Delegate Nick Rush and Senator Bill Stanley sponsored transformative legislation to create a new paradigm for building public schools and facilities, using solar energy and the creativity of the private sector.
The private sector has come forward with a tool in the toolbox for localities to help address public school building needs. The private sector has showed us how using energy-positive schools can save about one-third of the cost of the traditional model of building public schools. This private sector business model also uses Federal Investment Tax Credits for Solar installation, Federal New Market Tax Credits, and Federal Opportunity Zones to help reduce the debt service and operational costs so the total cost savings can be more than 50%.
The legislation provides that is it the legislative intent that public schools be built as energy-positive buildings.
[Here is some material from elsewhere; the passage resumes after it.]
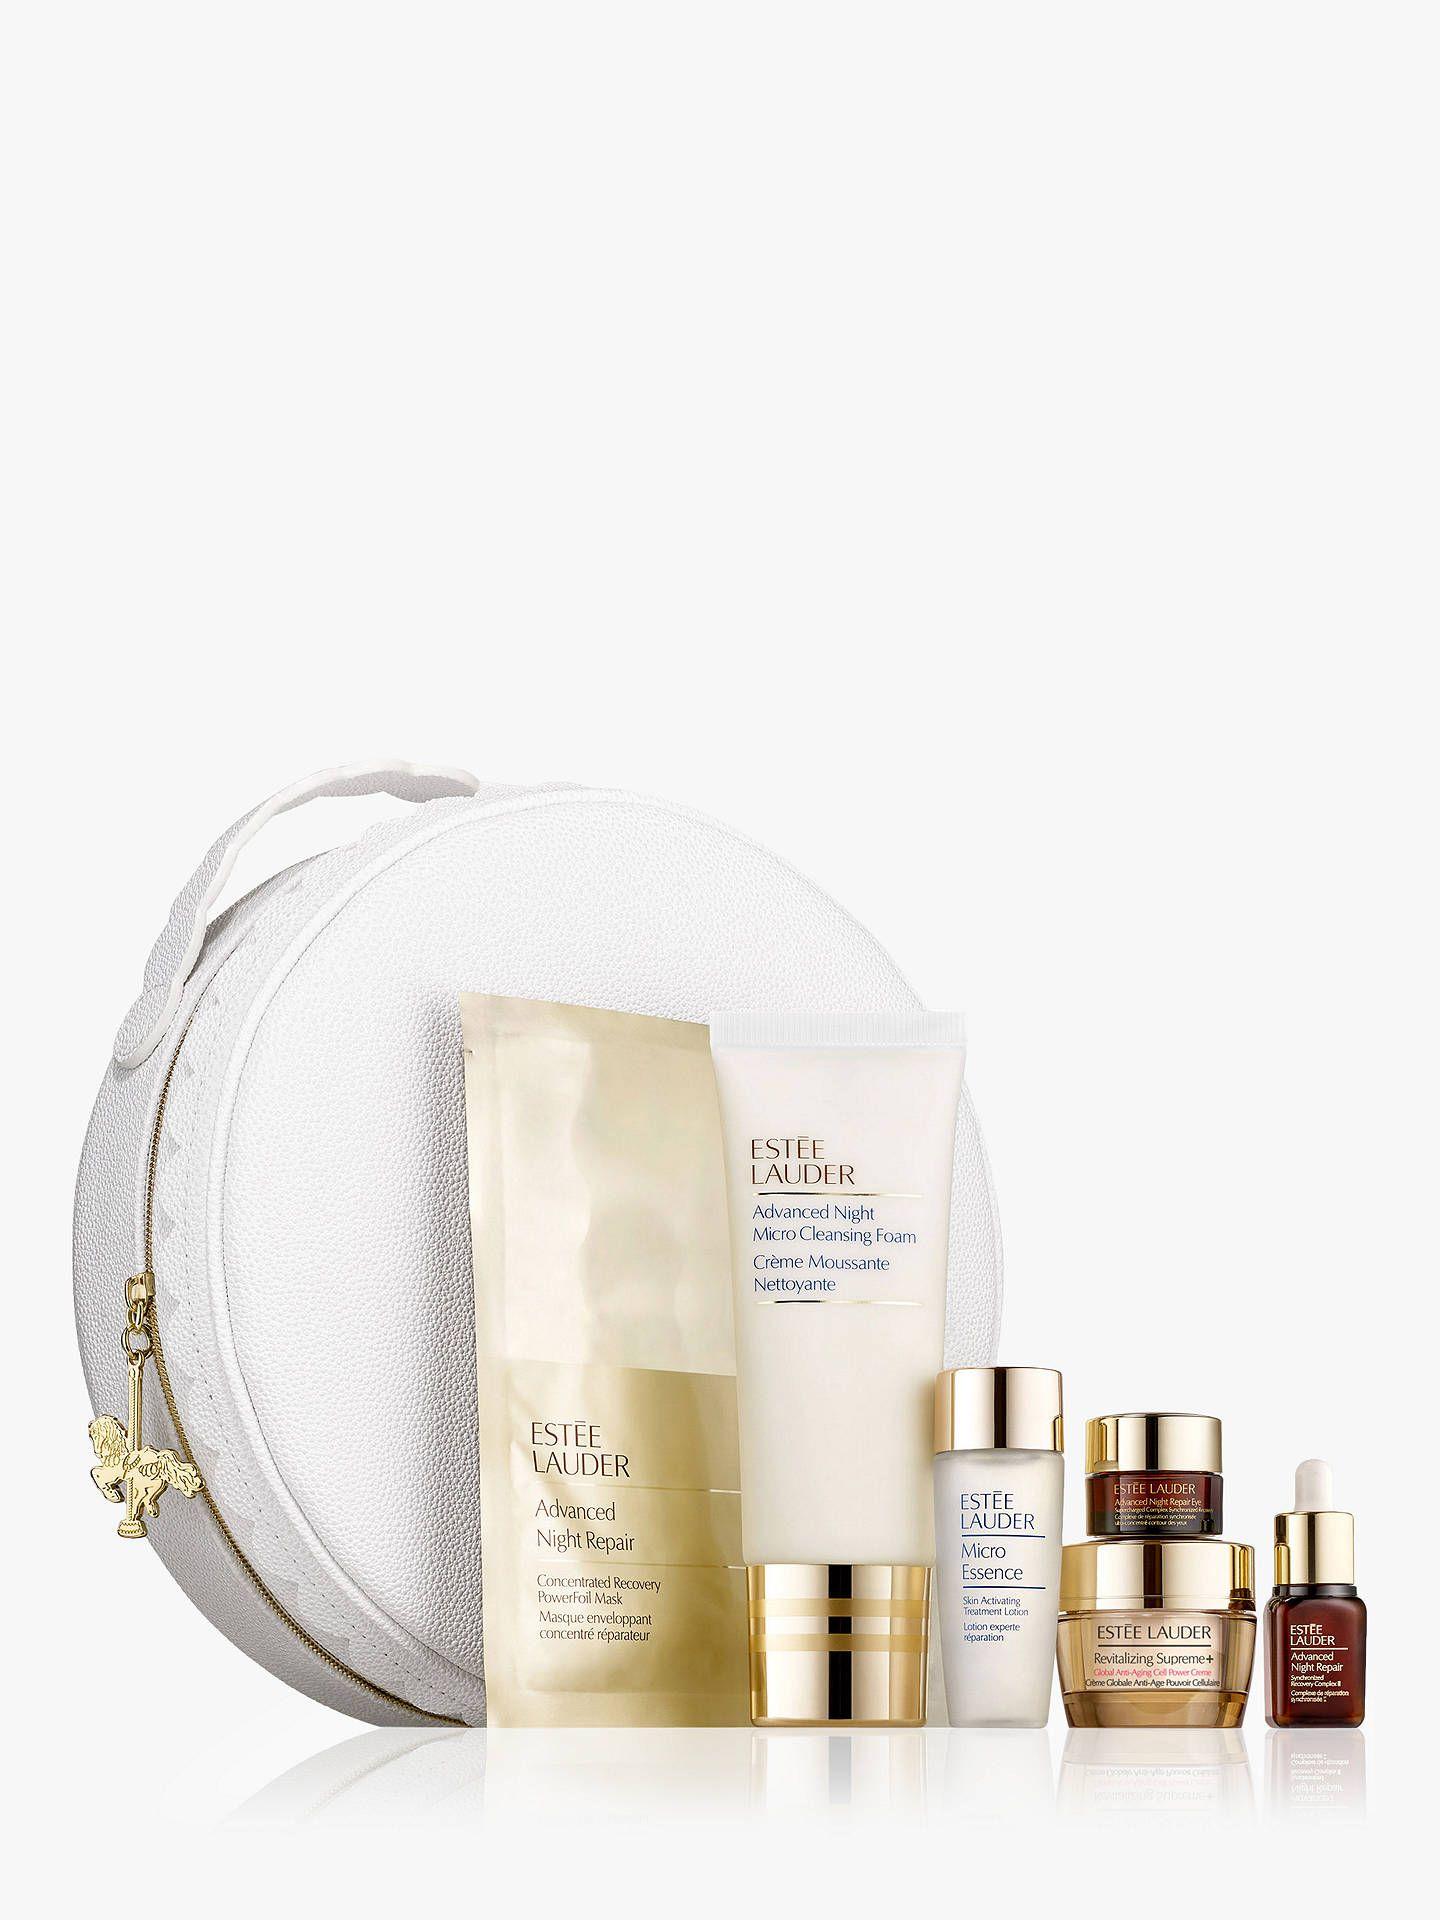 Estée Lauder Beauty of the Night Skincare Gift Set

We need to use such tools to make taxpayer dollars go further.
Since lawyers and financial advisors need to provide opinion letters on these types of deals, this legislation provides statutory authority for localities to work with private developers under existing procurement methods, so the opinion letters can be based upon the statutory law.
Finally, this legislation provides two financing options for private developers: local IDAs or EDAs and the Virginia Small Business Financing Agency.
These two pieces of legislation become effective on July 1, 2019.